Friday, July 02, 2010

Nine Lives

William Dalrymple narrates his search for the Sacred in Modern India in this book. He speaks not so much of the role of religion and the sacred in the lives of the urban middle class, but of the lives of specific persons who represent various ancient traditions in India related to the sacred. And through their stories, he examines how the sacred has adapted itself to survive in modern -- or at any rate, contemporary -- India. The book is structured in a similar manner to the Canterbury Tales, and in it, the author speaks of the lives of:
  • a Jain nun;
  • a male theyyam dancer belonging to a lower caste in Kerela;
  • a devdasi;
  • a Rajasthani bhopa who sings the sacred Epic of Pabuji;
  • a lady fakir at the dargah of the Sufi Saint Lal Shahbaz Qulander; and
  • a Buddhist monk, among others.
While there is little doubt that it has been written primarily for Western audiences, with its comparisons to not just Chaucer but also Homer --- comparisons which would fall deaf on the average Indian ear --- what is interesting about the book is that it isn't centred in either urban India or rural India, but in the in the metaphorical wasteland which lies somewhere between the two. And as such, it is set in an environment which the average Indian person may not easily be able to relate to although the book seems to give the impression that this is what contemporary India is all about. Perhaps this idea of ancient forms of the sacred mutating to survive in a modern world is what the idea of India being the land of elephants, myths and magic has evolved into?
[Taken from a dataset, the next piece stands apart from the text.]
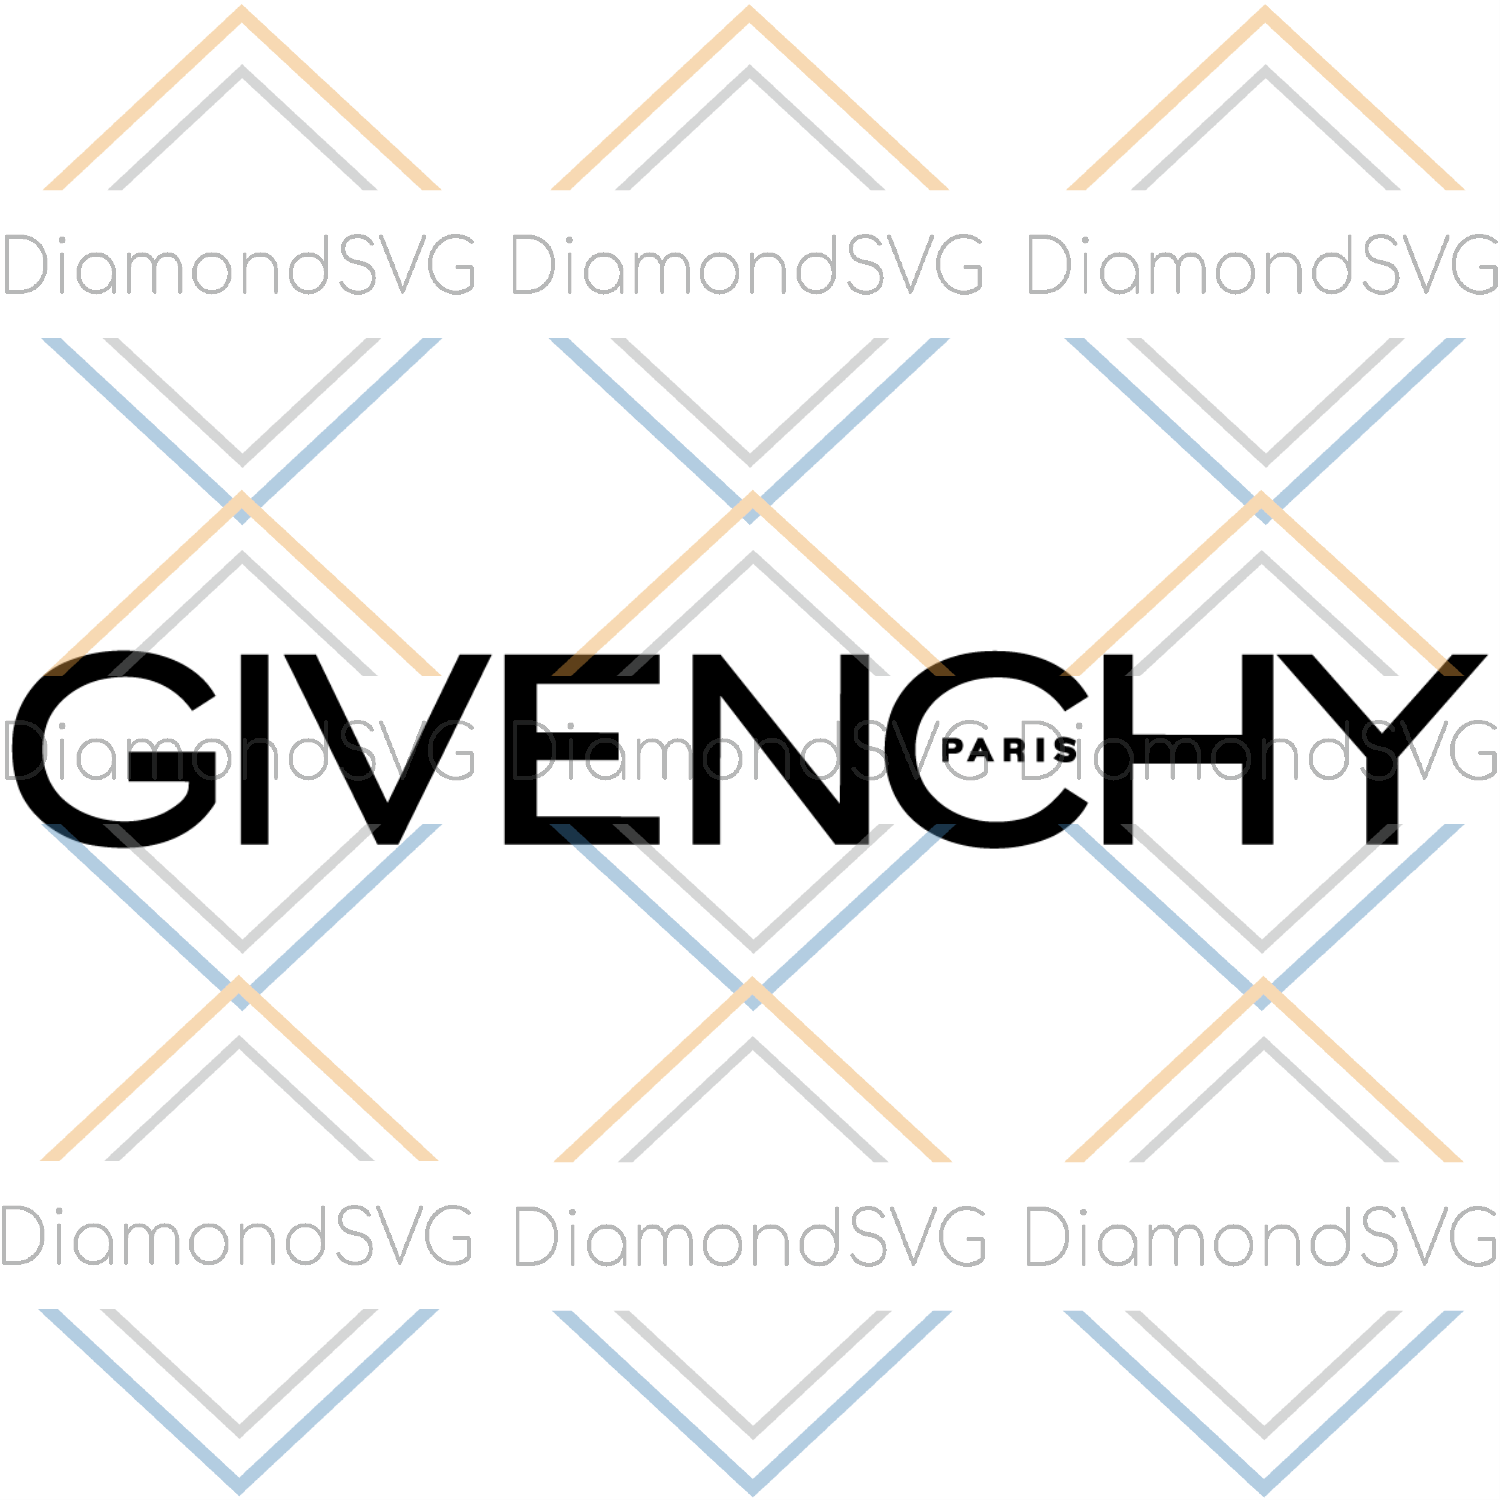 Givenchy Paris Logo Svg, Trending Svg, Givenchy Svg, Givenchy Paris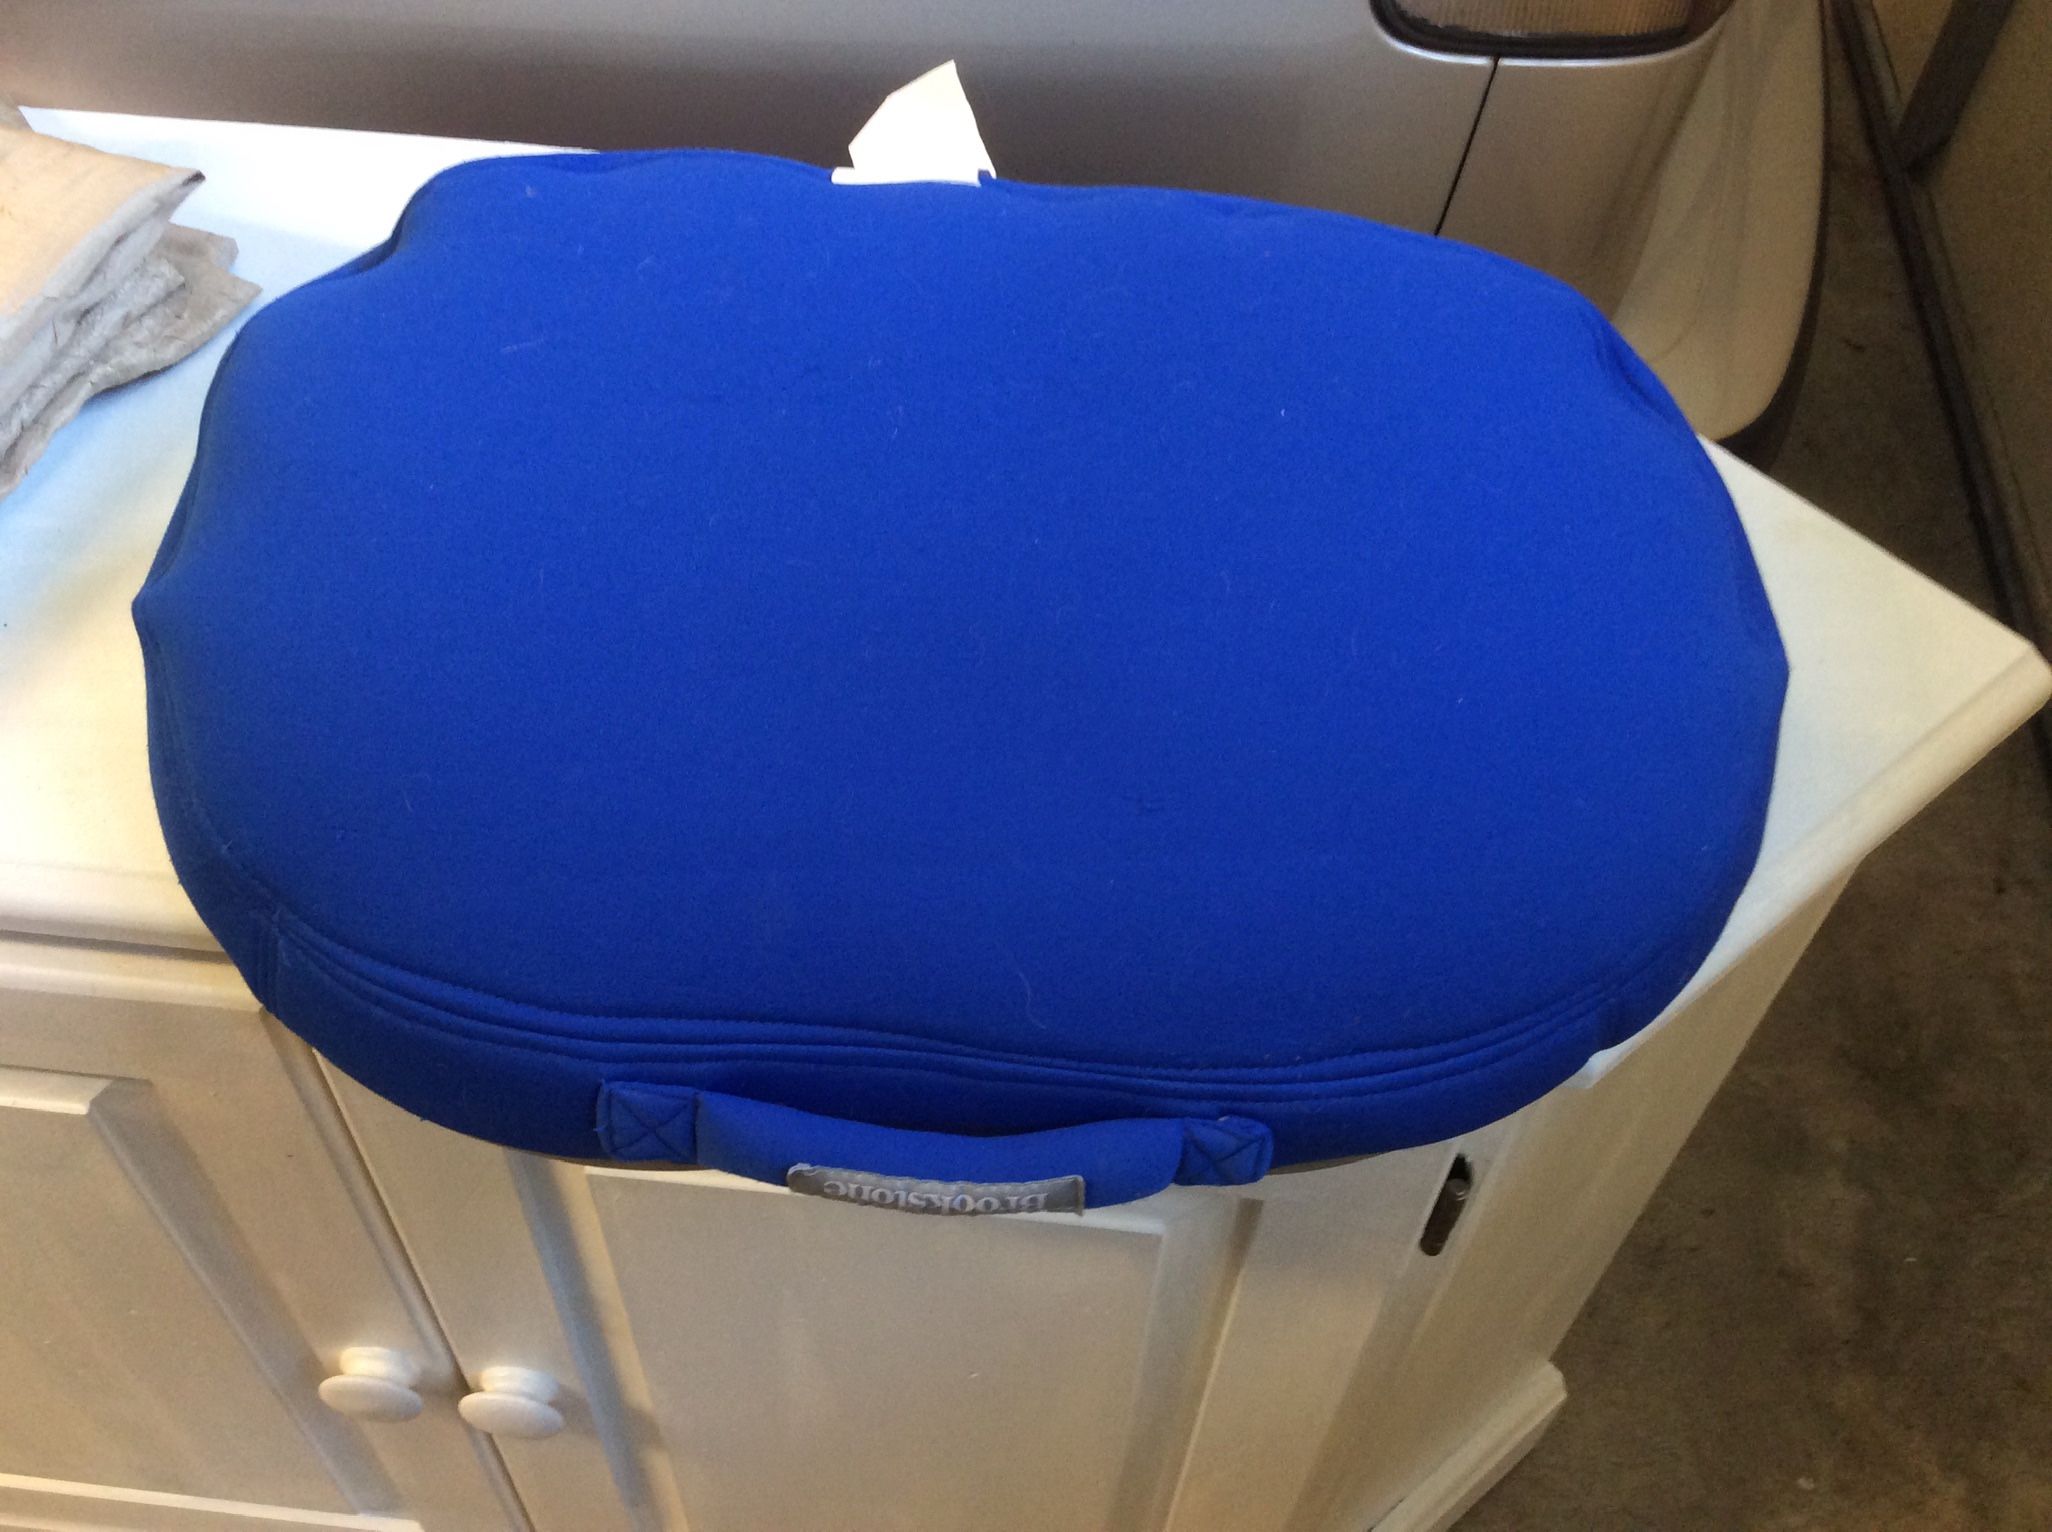 Speaker Laptop Cushions : brookstone laptop desks

The book also deals with the interaction of modern (rich, urban) India with traditional (poor, rural) India. For example, it narrates the story of a bhopa or folk singer who sang for the so-called elite in their elite settings in urban India but died without access to healthcare in rural India, his brush with the elite notwithstanding.

Although "Nine Lives" does in fact deal with the sacred in "modern" India, it doesn't do so by looking at the usual manifestations of the sacred in modern India --- the daily pujas and other rituals which millions of Indians perform at home, the software engineer who takes days off for a darshan or audience of/with a religious leader, the working woman who fasts endlessly to "obtain" a husband. Instead, the book focuses on the manner in which ancient manifestations of the sacred have survived in contemporary India --- often a manner with which the average contemporary Indian is only minimally aware.